A tal punto, dopo circa quattro mesi di lavoro settimanale, arriva per la paziente il momento di sperimentare la sua ansia da volo in vivo. Durante l’esposizione riesce perfettamente a gestire le alterazioni d’ansia controllando il rimuginio e riflettendo sul concetto di sé forte, adeguato e soprattutto pronto per affrontare la prova. Il volo viene gestito con calma e serenità. La paziente, al ritorno dall’esposizione riporta di aver provato una leggera ansia durante la fase iniziale di chek-in e di attesa dell’imbarco. Appena salita sull’aereo si è subito “affidata” ad un’hostess indicando la propria fobia e chiedendo quindi la cortesia di poter essere eventualmente soccorsa in caso di attacco di panico o forte crisi di ansia. Con grande entusiasmo la paziente riporta di non aver avuto bisogno di ciò. Riporta di essere anche riuscita ad addormentarsi lasciandosi quindi pienamente andare abbassando il controllo razionale sulla situazione ansiogena. Nei colloqui successivi all’esposizione oltre al racconto minuzioso del volo stesso, riflettiamo principalmente sulla sicurezza acquisita dalla paziente nell’affrontare una situazione per la quale non si sentiva in grado di gestire all’inizio della terapia. Lavoriamo per altri tre colloqui sul rinforzo del cambiamento avvenuto focalizzando l’attenzione sulla differenza di pensiero che la paziente aveva durante i voli precedenti a quello dell’esposizione. Rinforziamo un avvenuto cambiamento a livello cognitivo. La paziente, in chiusura di percorso terapeutico, è più consapevole delle proprie debolezze e ansie. E’ più in grado di gestirle. Ha attivato risorse cognitive nuove e più funzionali rispetto alle precedenti. Si è preparata all’esposizione con impegno e motivazione. Ciò ha garantito il successo della prova stessa determinando nella paziente un rinnovato pensiero di forza e adeguatezza.

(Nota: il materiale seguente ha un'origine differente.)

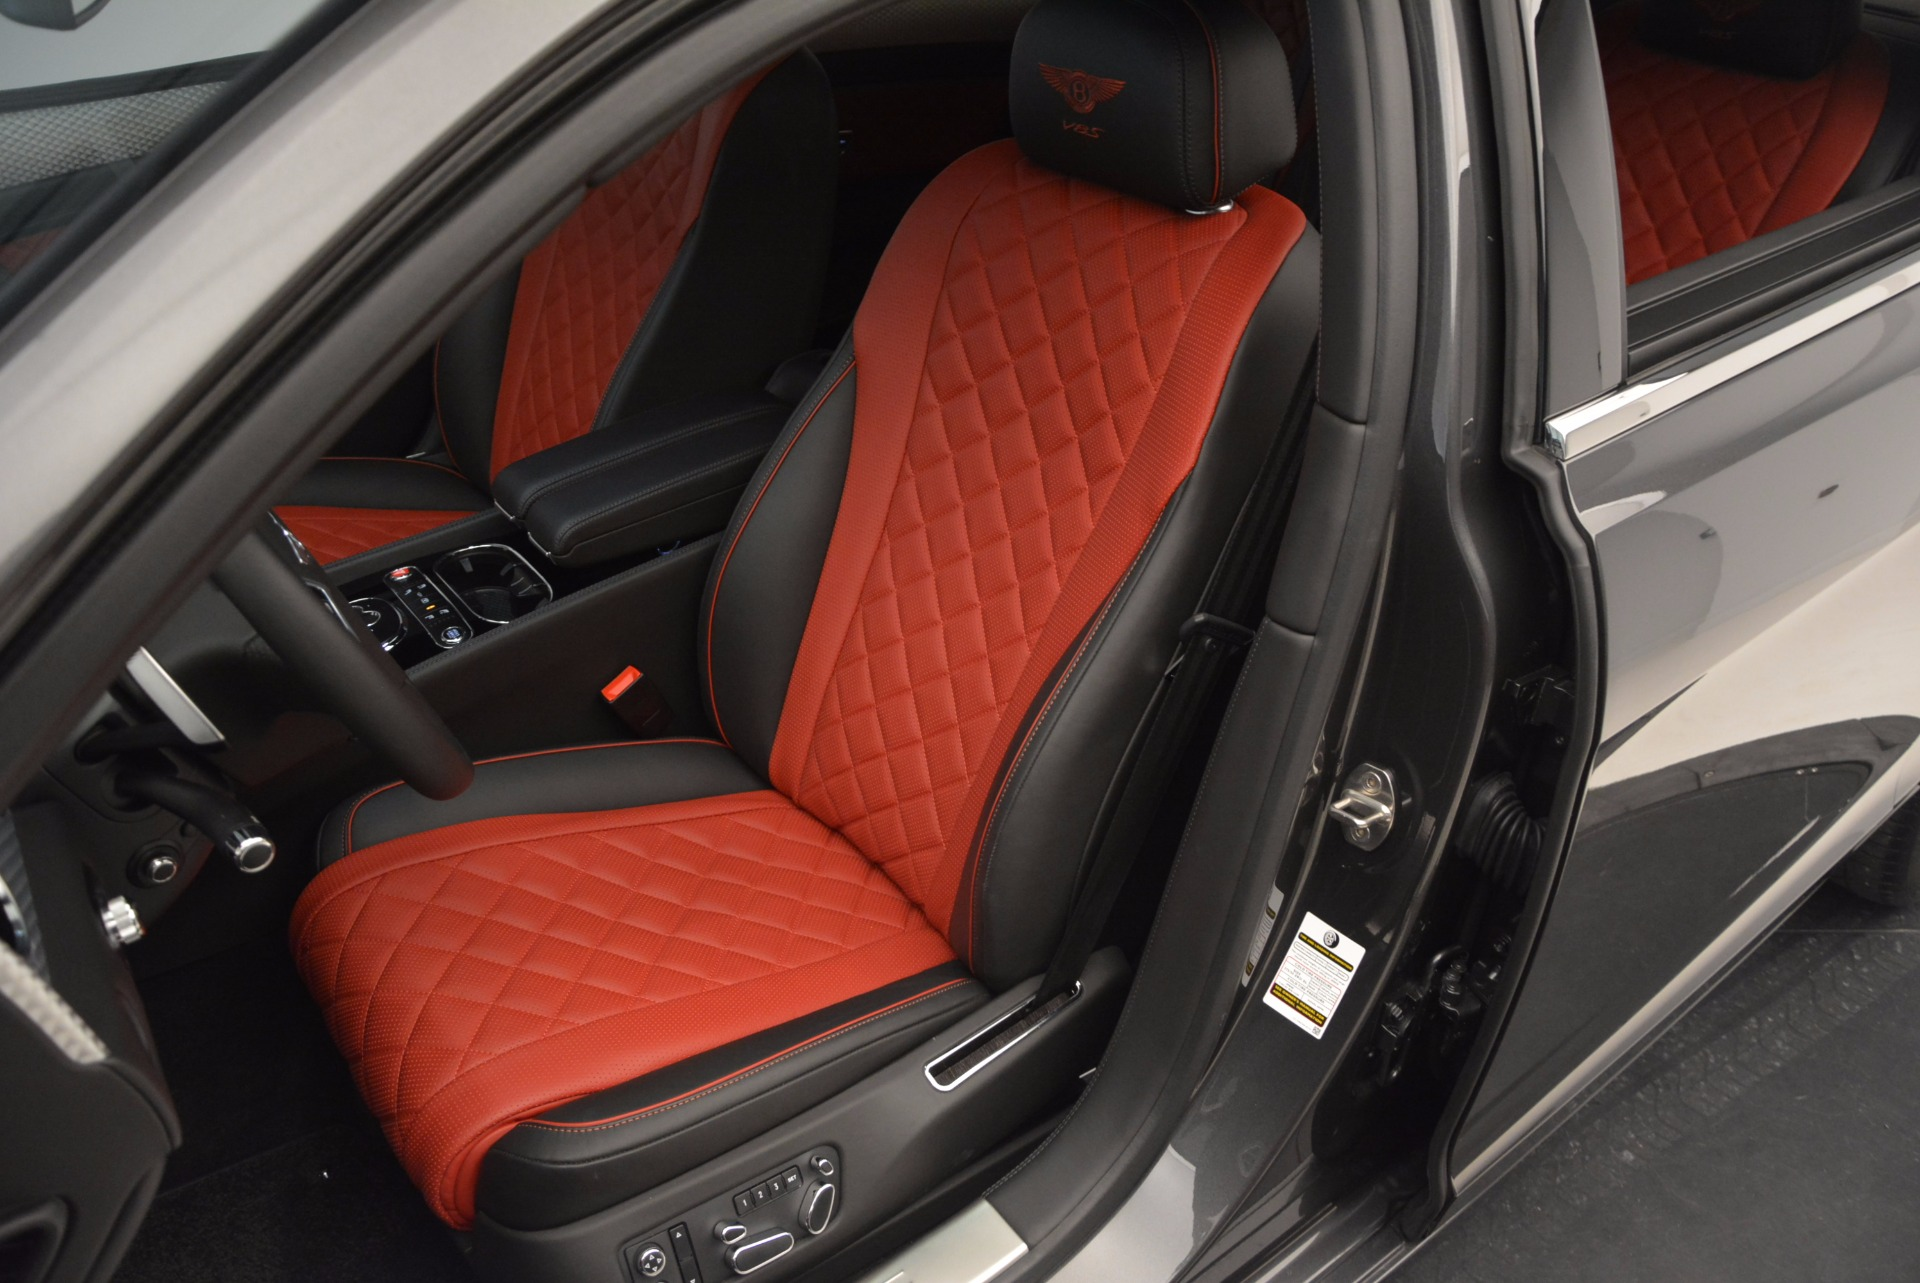 Used 2017 Bentley Flying Spur V8 S For Sale In Westport, CT 875_p24
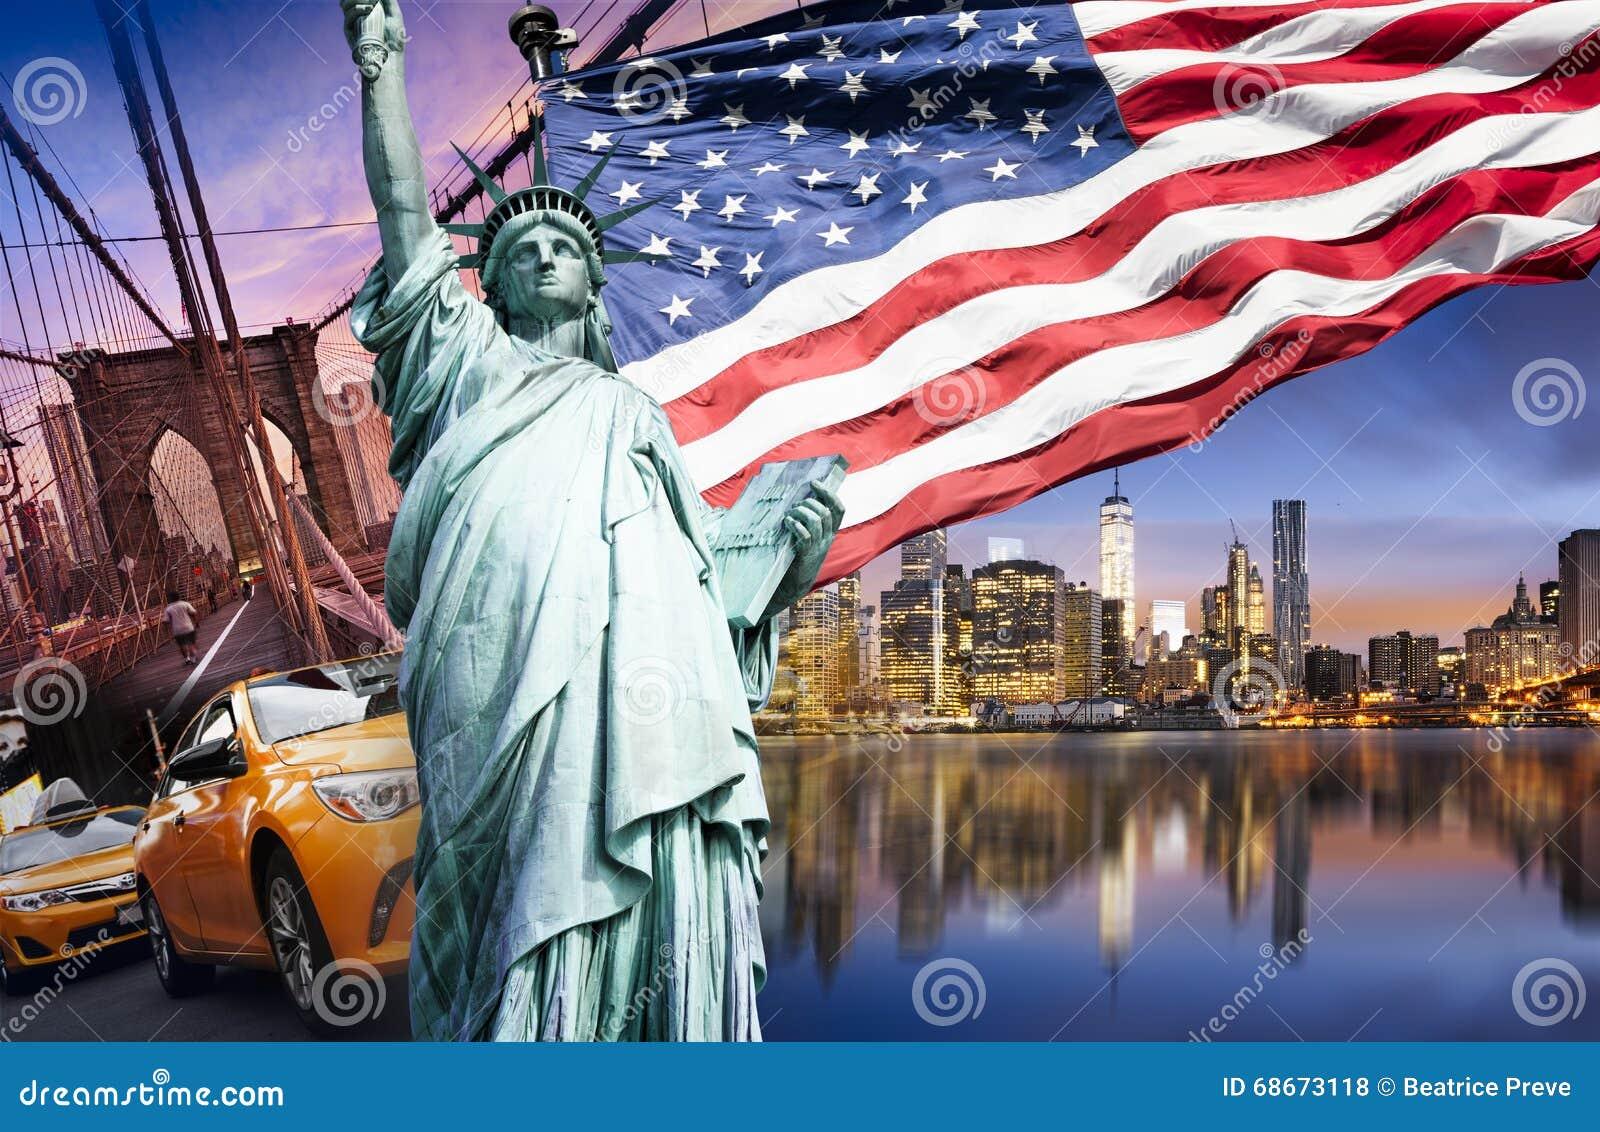 New York City Symbols Stock Photo Image Of Cloud Midtown 68673118

Dopo circa cinque mesi di terapia decidiamo di interrompere la stessa in quanto raggiunto l’obiettivo prefissatoci in fase di contratto terapeutico. Ci rimandiamo ad un ulteriore rinforzo in occasione del prossimo volo qualora la paziente dovesse percepire il bisogno di “rinfrescare” gli strumenti cognitivi forniti e sperimentati in tale occasione.